Lets see, at 23 I had already helped bring life into this world and watched it leave as a Paramedic, was married and had done a PCS from Georgia to Alaska (after moving from Michigan to Georgia).


----------



## LibraryLady (Apr 7, 2020)

23... I was running around Europe getting into trouble, playing hide the pea to annoy Communists. (ask me that one after adult libations)

Politics were downsizing the military, creating crappy morale problems. I swore I wouldn't work for government and ended up spending most of the rest of my life, doing just that. In jobs where we had to be apolitical. 

LL


----------



## AWP (Apr 8, 2020)

Y'all some weakass bitches on this board. By the time I was 23 I'd run a trap house and 7 corners, had hoes on this D 24/ 7, cut an album, flown a few loads of product for them fellows in Medellín, bought my first Maybach, 187'd some snitches, and partied with Jeffrey Epstein.

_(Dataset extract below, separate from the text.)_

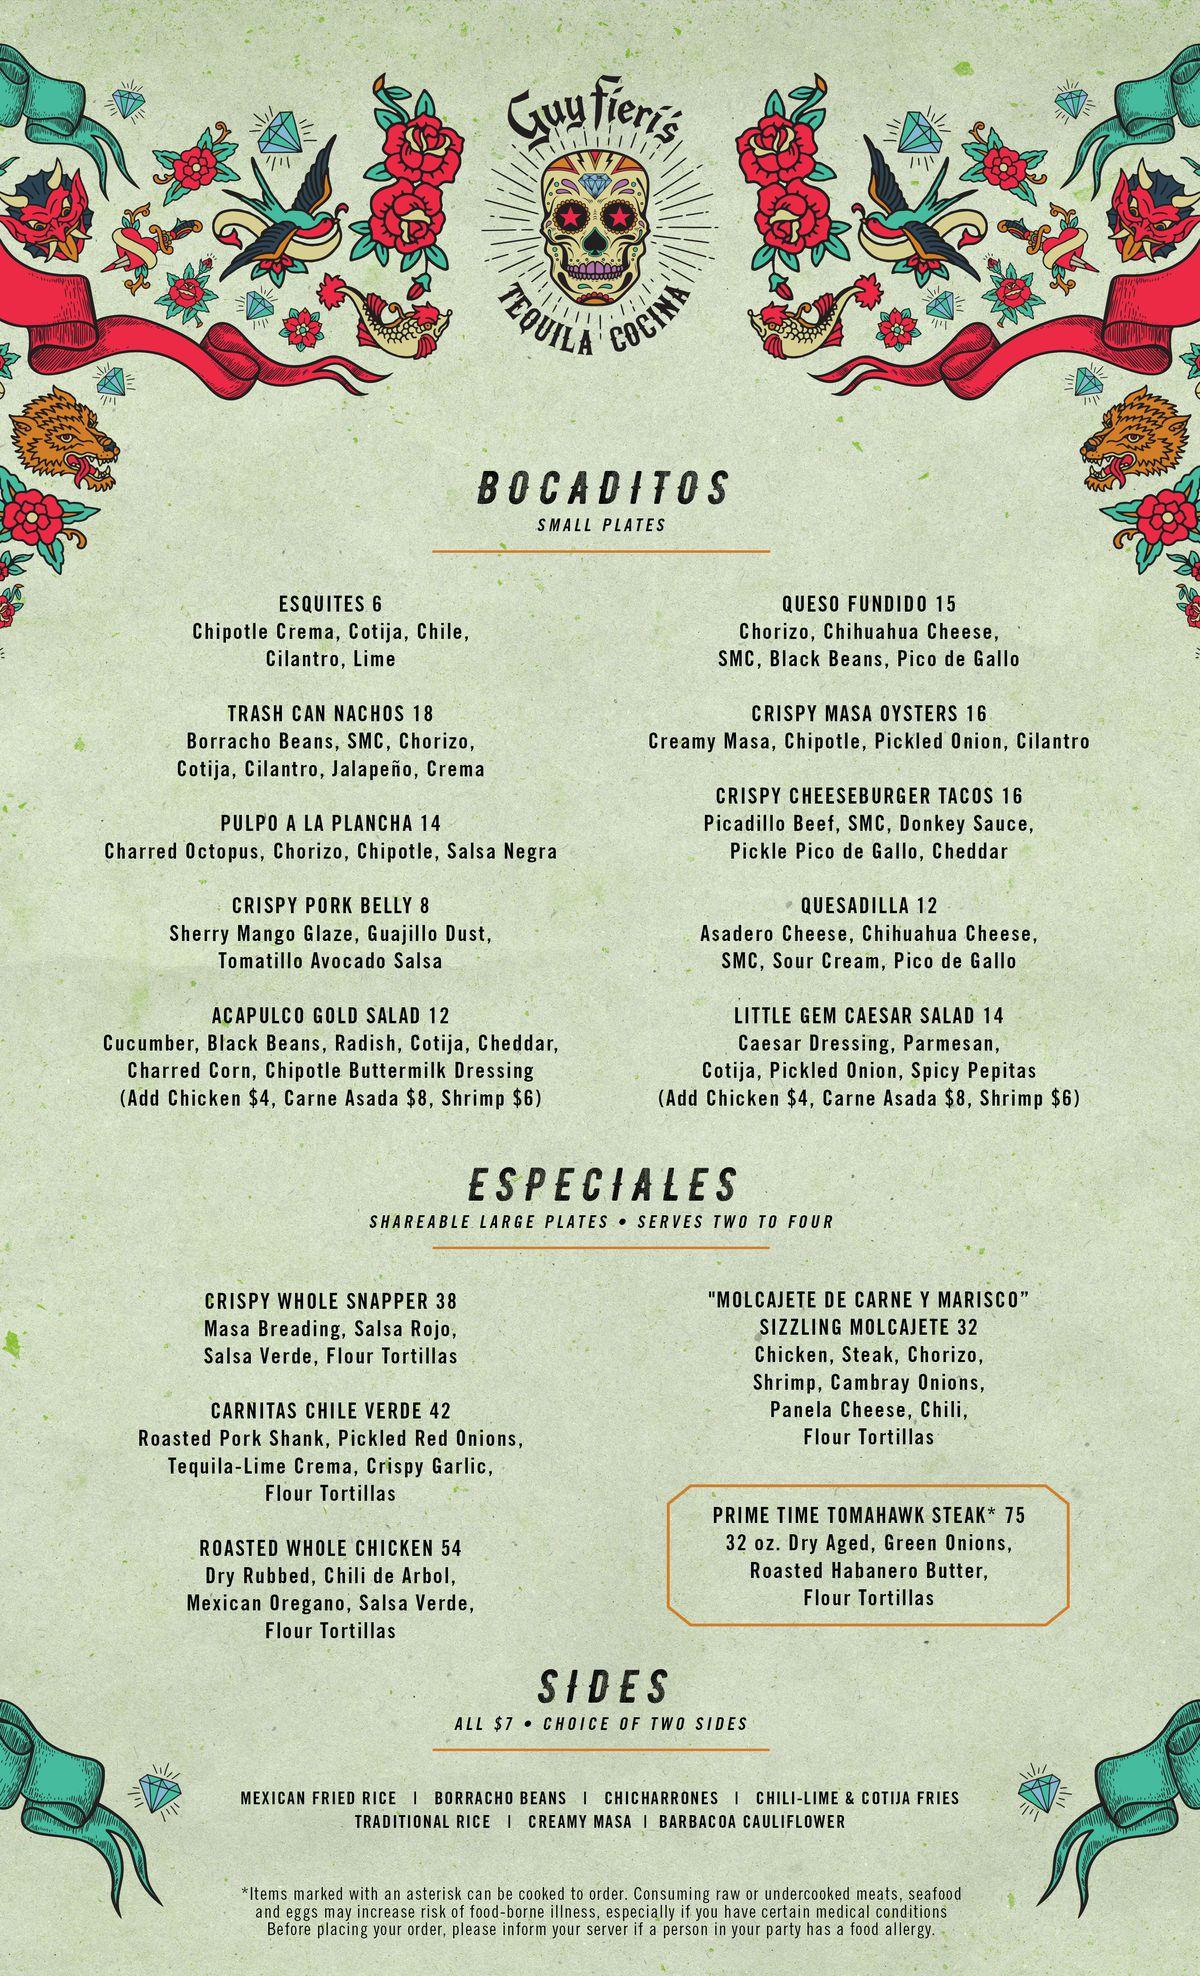 Guy Fieri's Tequila Cocina food menu
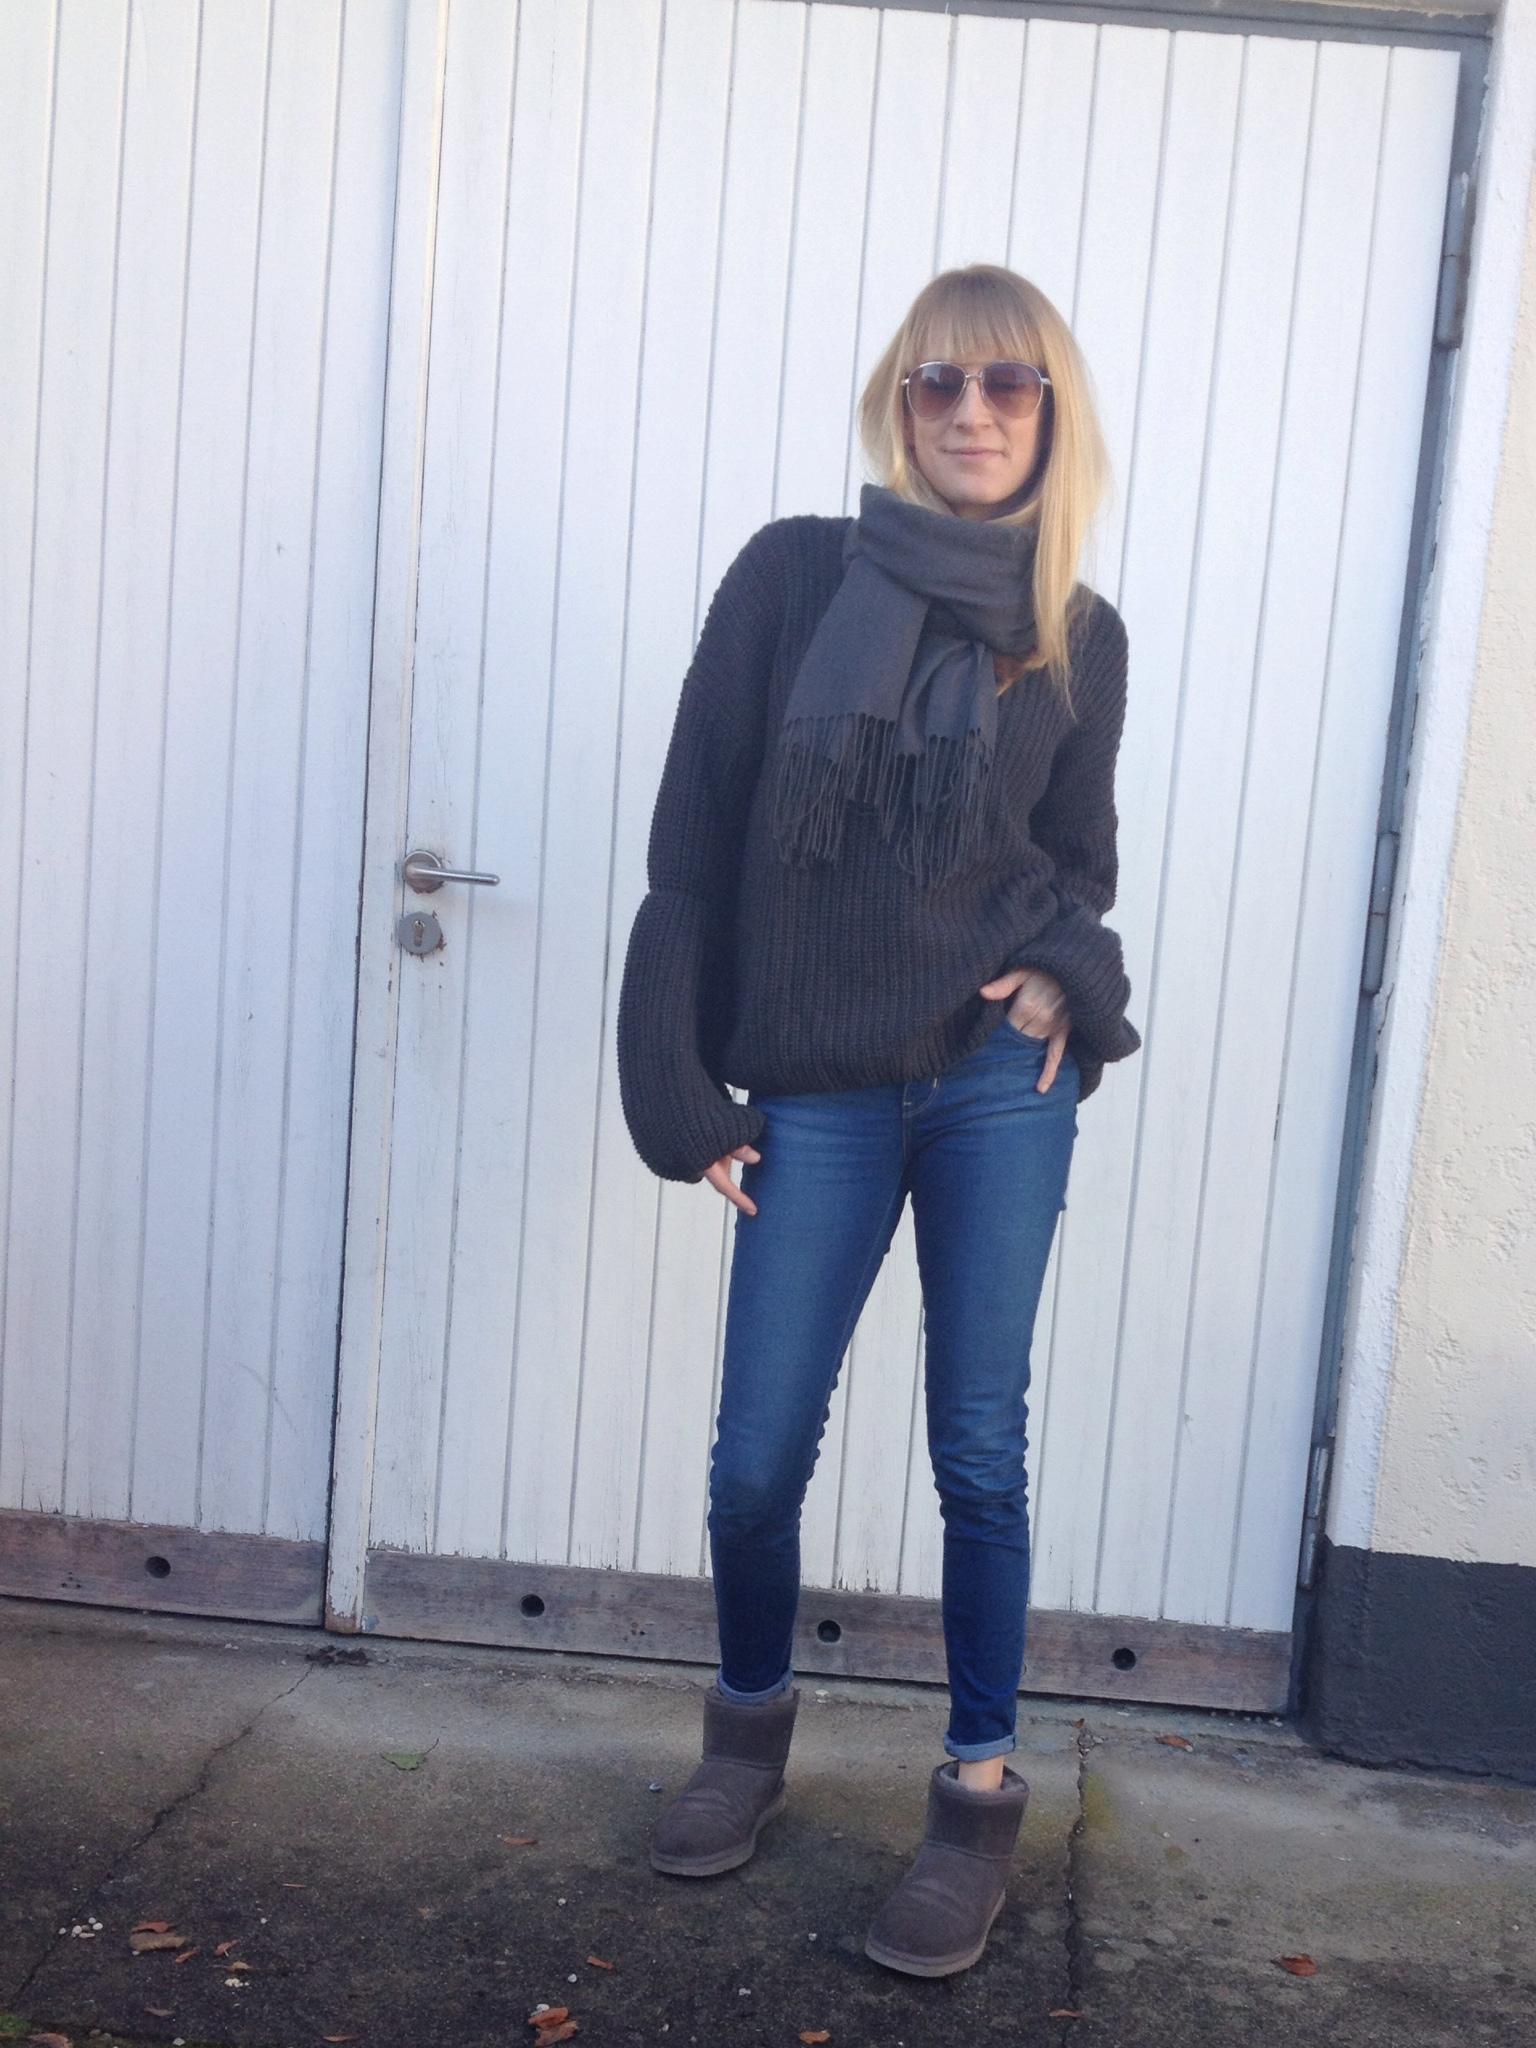 Ärmel in Überlänge, Pullover, Pullover Vila, Zalando Sale, Mamablog, Modeblog, Modemama, Mamastyle, Winterpullover, Strickpullover, Trend im Test

Also, my boy didn't kill himself.


----------



## Aimlessfakedrifter (Apr 8, 2020)

AWP said:


> Y'all some weakass bitches on this board. By the time I was 23 I'd run a trap house and 7 corners, had hoes on this D 24/ 7, cut an album, flown a few loads of product for them fellows in Medellín, bought my first Maybach, 187'd some snitches, and partied with Jeffrey Epstein.
> 
> Also, my boy didn't kill himself.


I’m jelly, an album deal in the 90’s!?


----------



## Aimlessfakedrifter (Apr 8, 2020)

RustyShackleford said:


> Hmm, by the time I was 23 I was on my second enlistment.  Wrapped that one up and extended for a year. Took an Afghan vacation at age 25 and left the army at age 26. Worked a variety of odd jobs and took the occasional college class until the man hired me for this thing I’ve been doing for the last 15 or so years.
> 
> None of it really makes a fuck (“makes a fuck” was something one of my drill sgts said in basic training, it always makes me laugh, 24+ years and counting).  I prefer to be around people who are better than me, at everything. It makes me push myself that much harder. Mediocrity breeds mediocrity.


Vaycay- contracting? My thing is; did you adjust to “DA” fairly smoothly? My biggest worry other than the pool, is that my mental cohesion falls apart after some time. (I can’t predict the future and imagine this happens to people, so I’m not going to say I’m above it.)


----------



## RackMaster (Apr 8, 2020)

At 23 I had already put all the liquor store employee's grandchildren through college and was taking any tasking the Army would give me, to find a new side piece to bang.


----------



## RustyShackleford (Apr 8, 2020)

Aimlessfakedrifter said:


> Vaycay- contracting? My thing is; did you adjust to “DA” fairly smoothly? My biggest worry other than the pool, is that my mental cohesion falls apart after some time. (I can’t predict the future and imagine this happens to people, so I’m not going to say I’m above it.)



No. 2/75’s first deployment and I adjusted just fine. Accept the fact that you aren’t special or unique and give 100%.  When people start to think they’re a cut above the rest or special is when shit falls apart.


----------



## Aimlessfakedrifter (Apr 12, 2020)

RustyShackleford said:


> No. 2/75’s first deployment and I adjusted just fine. Accept the fact that you aren’t special or unique and give 100%.  When people start to think they’re a cut above the rest or special is when shit falls apart.


I'll keep it to heart.


----------